═════ Exercise material ═════

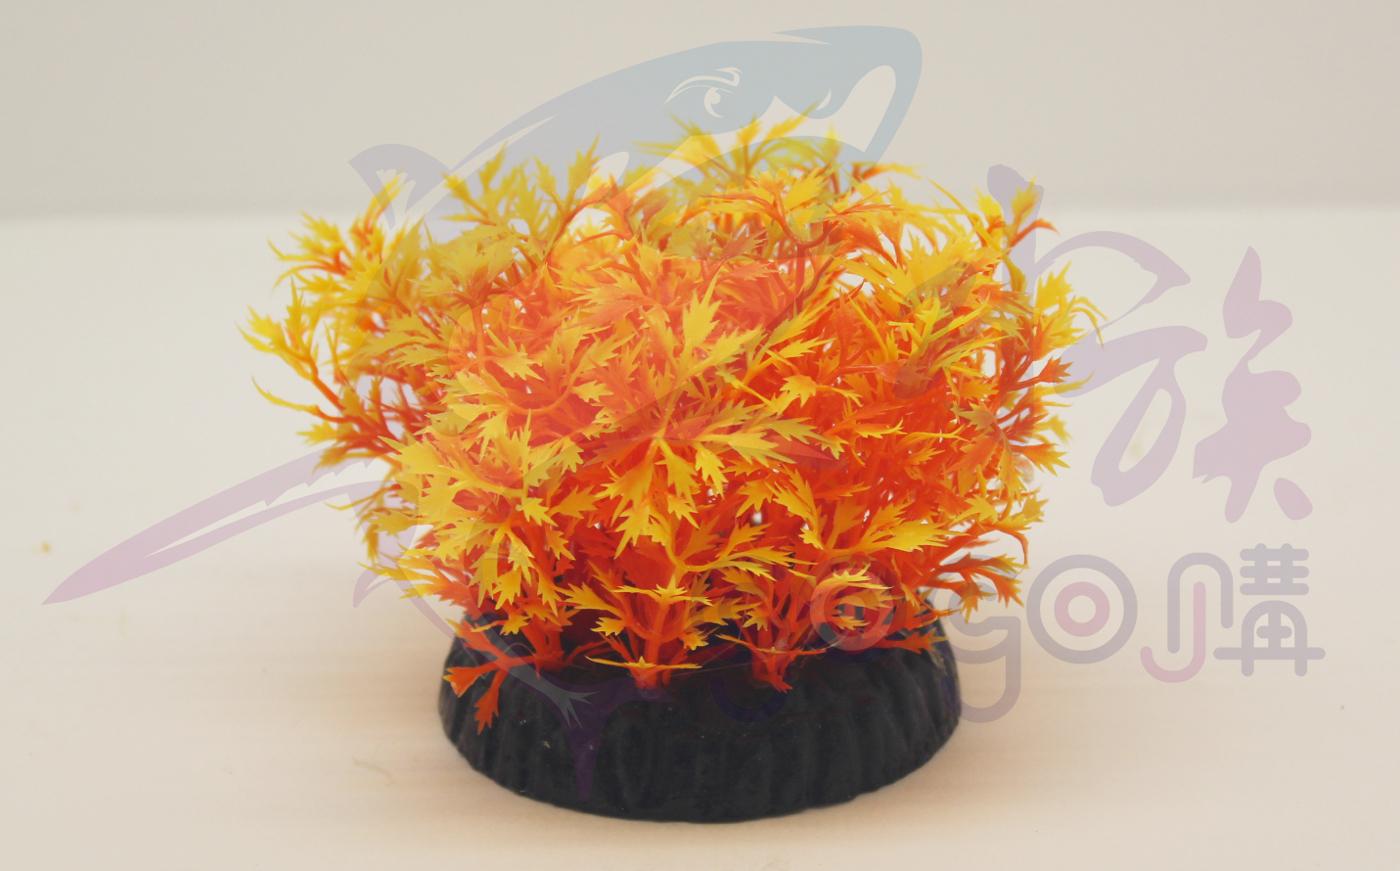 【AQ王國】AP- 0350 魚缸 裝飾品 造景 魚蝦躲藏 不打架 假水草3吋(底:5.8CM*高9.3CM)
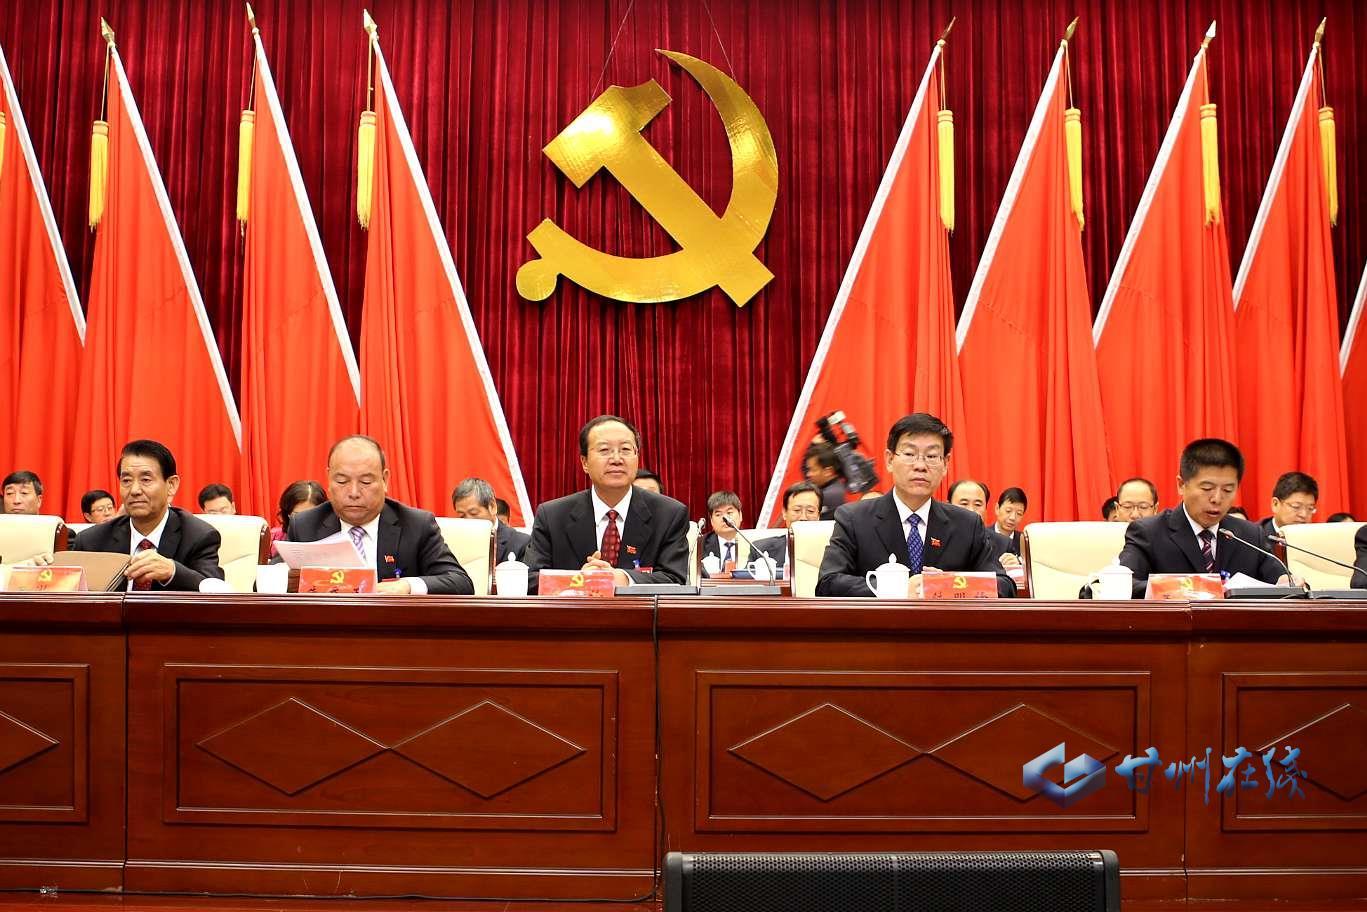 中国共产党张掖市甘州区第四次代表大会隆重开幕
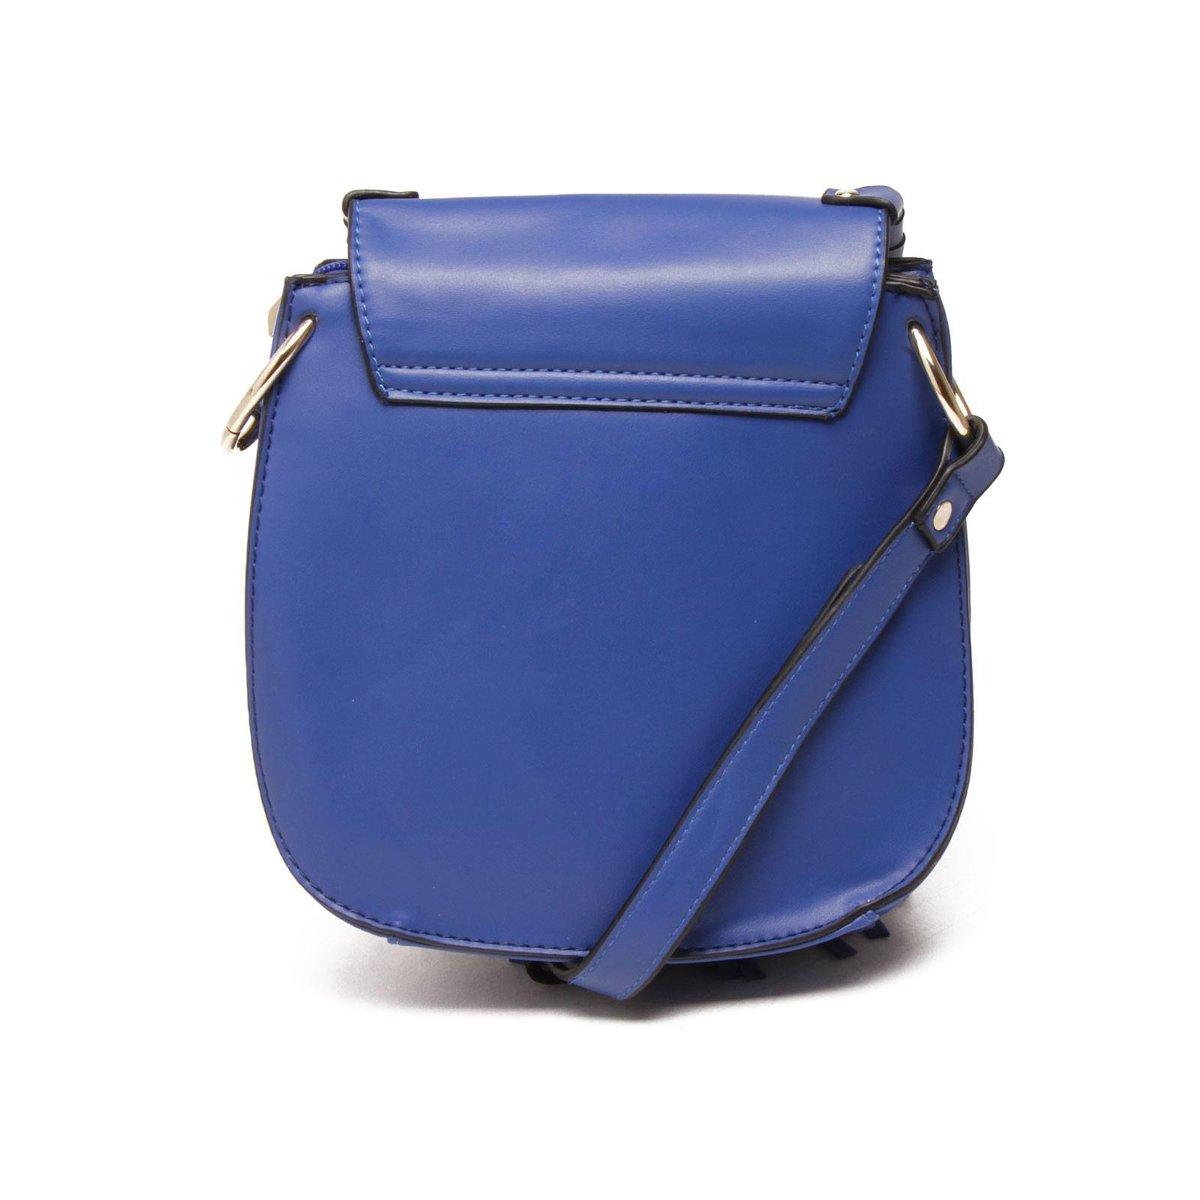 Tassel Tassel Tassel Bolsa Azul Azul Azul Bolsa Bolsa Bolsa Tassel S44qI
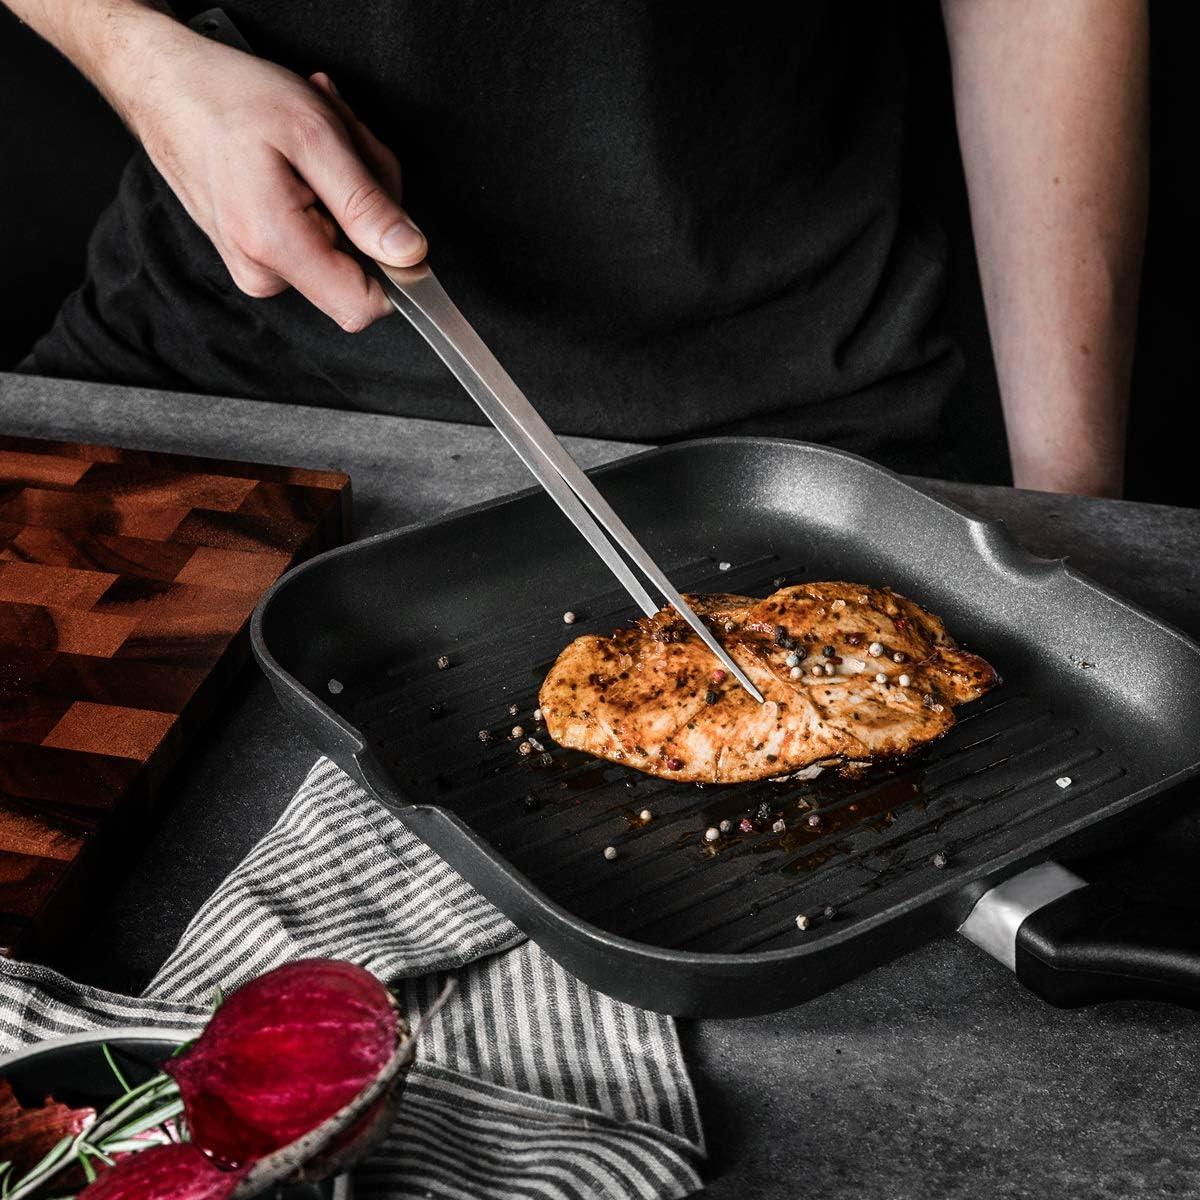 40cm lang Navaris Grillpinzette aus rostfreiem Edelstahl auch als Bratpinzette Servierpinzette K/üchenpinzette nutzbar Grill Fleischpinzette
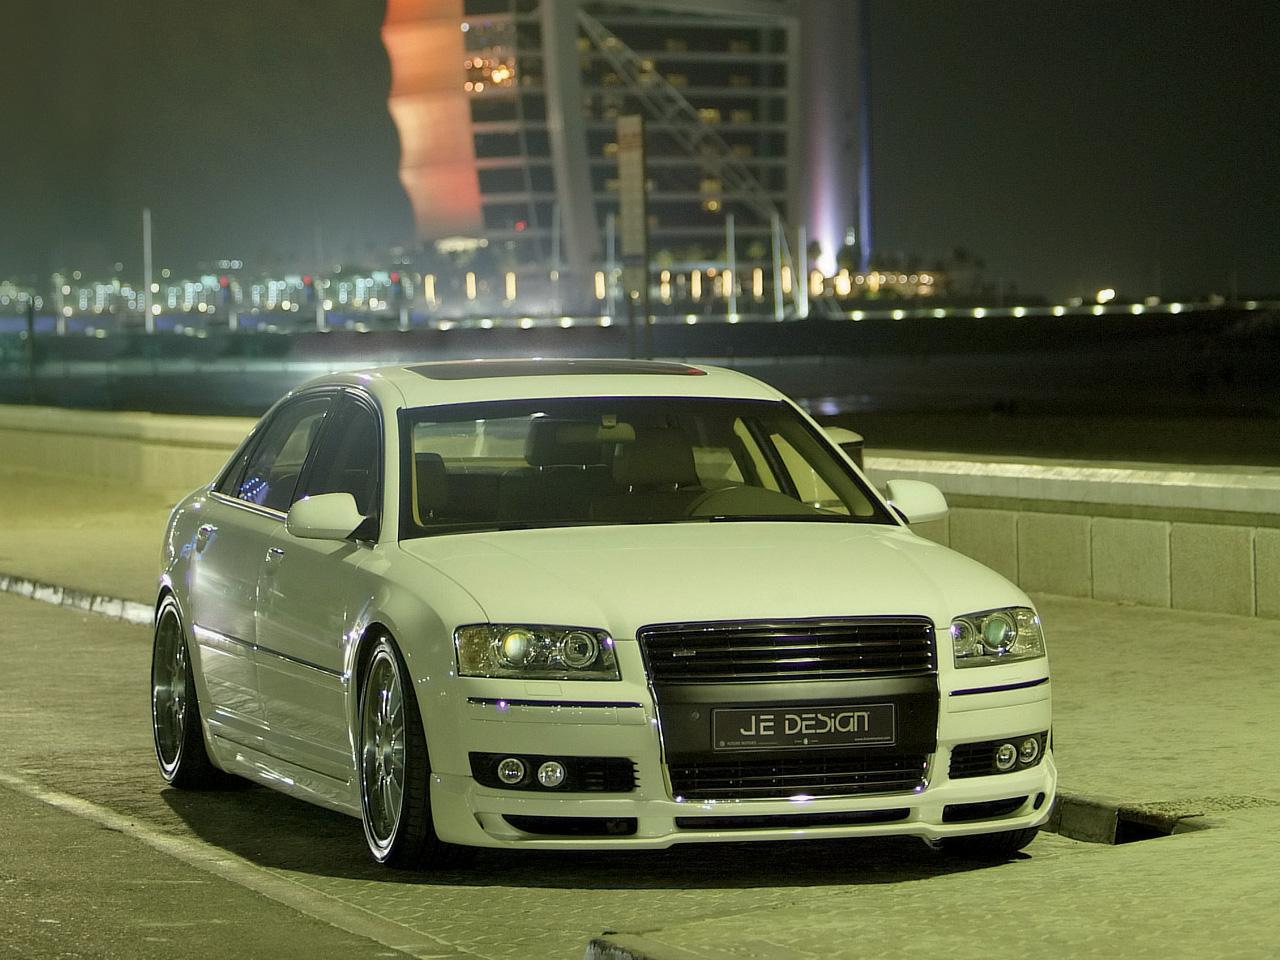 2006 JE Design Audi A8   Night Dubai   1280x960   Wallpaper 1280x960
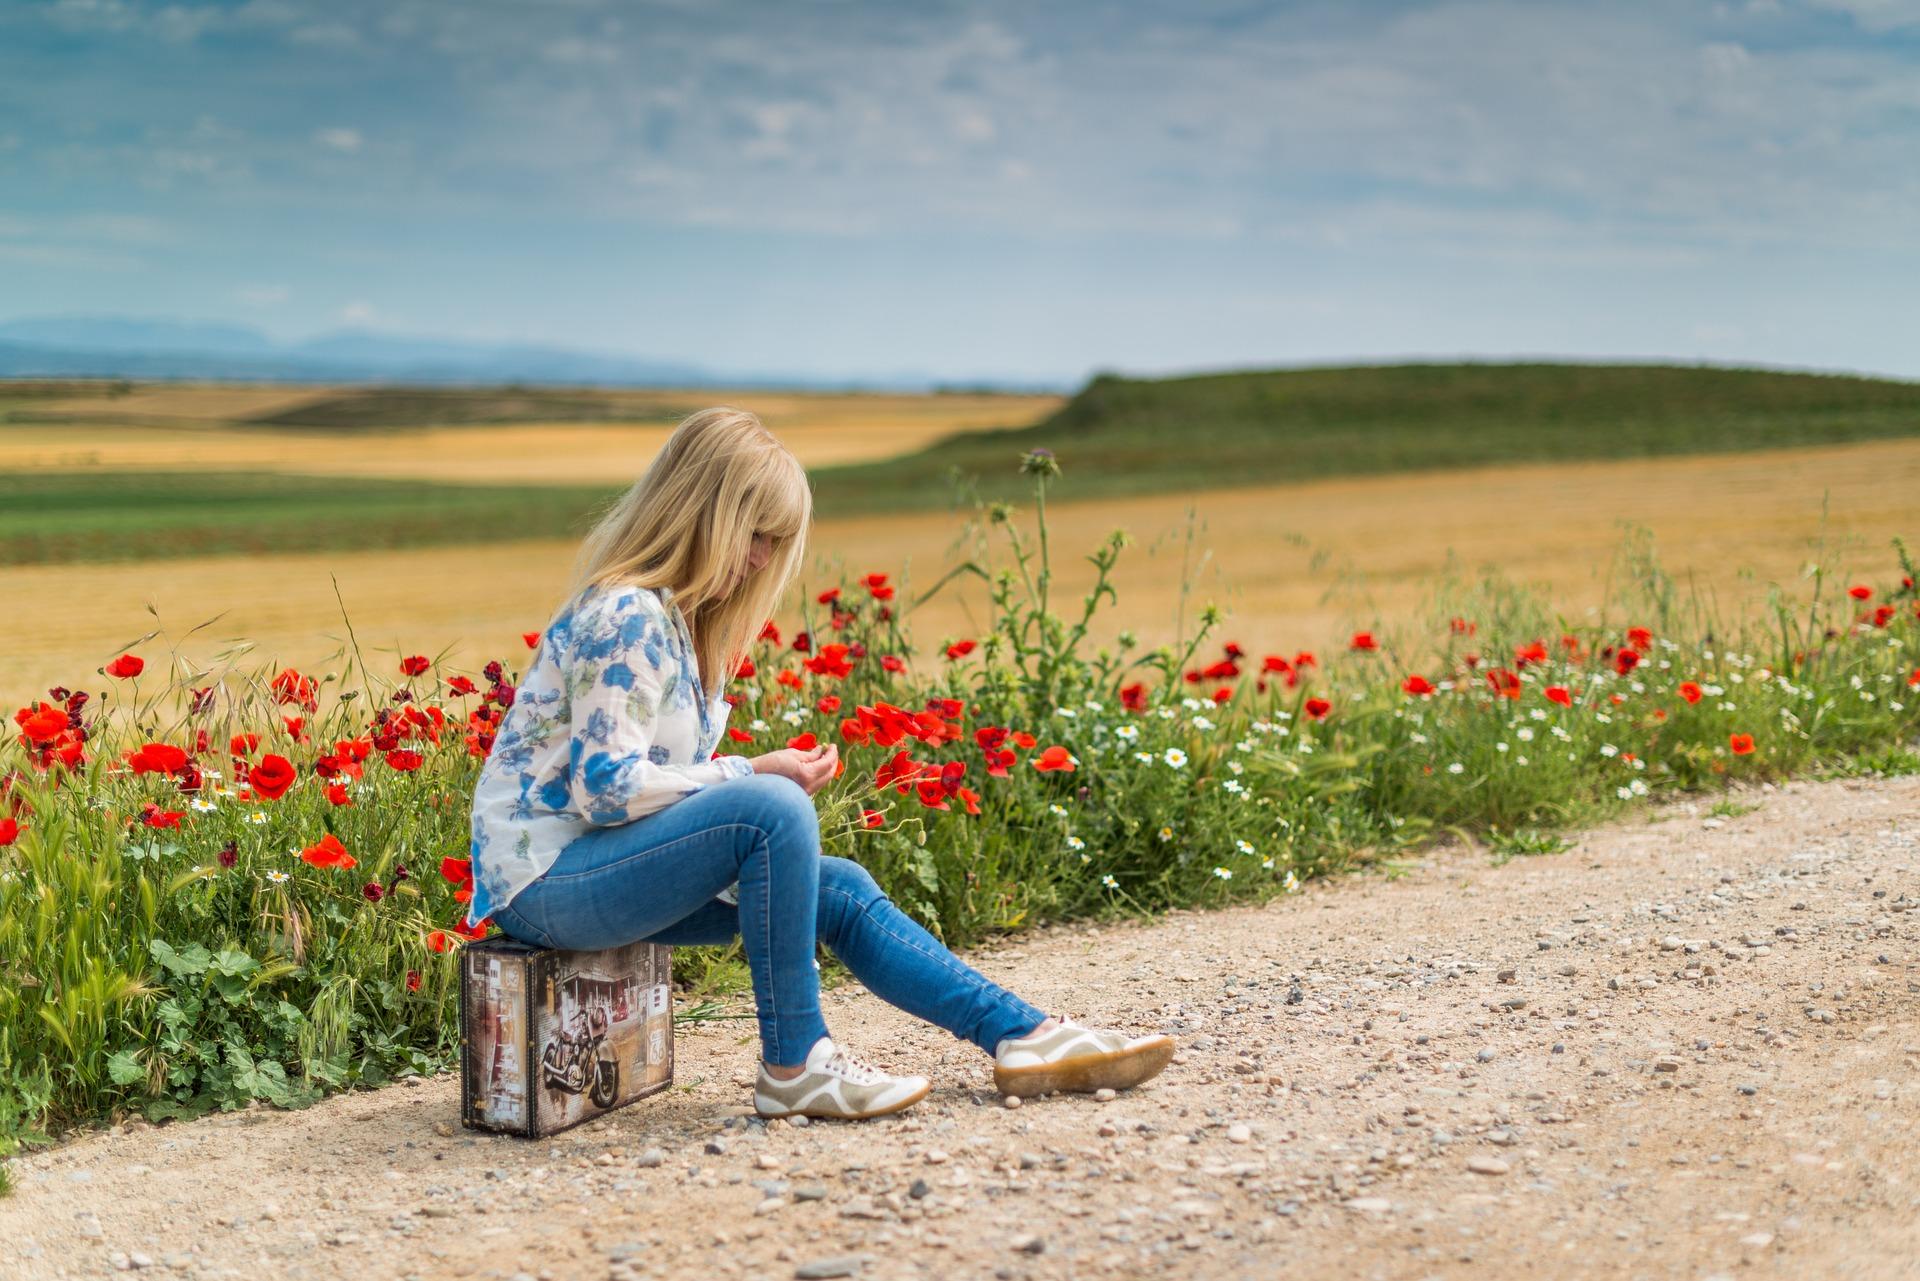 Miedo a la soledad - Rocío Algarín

═════

- [Problem]
Output the entries above exactly. Drop the pictures.

- [Solution]
 【AQ王國】AP- 0350 魚缸 裝飾品 造景 魚蝦躲藏 不打架 假水草3吋(底:5.8CM*高9.3CM)
 中国共产党张掖市甘州区第四次代表大会隆重开幕
 Tassel Tassel Tassel Bolsa Azul Azul Azul Bolsa Bolsa Bolsa Tassel S44qI
 40cm lang Navaris Grillpinzette aus rostfreiem Edelstahl auch als Bratpinzette Servierpinzette K/üchenpinzette nutzbar Grill Fleischpinzette
 2006 JE Design Audi A8   Night Dubai   1280x960   Wallpaper 1280x960
 Miedo a la soledad - Rocío Algarín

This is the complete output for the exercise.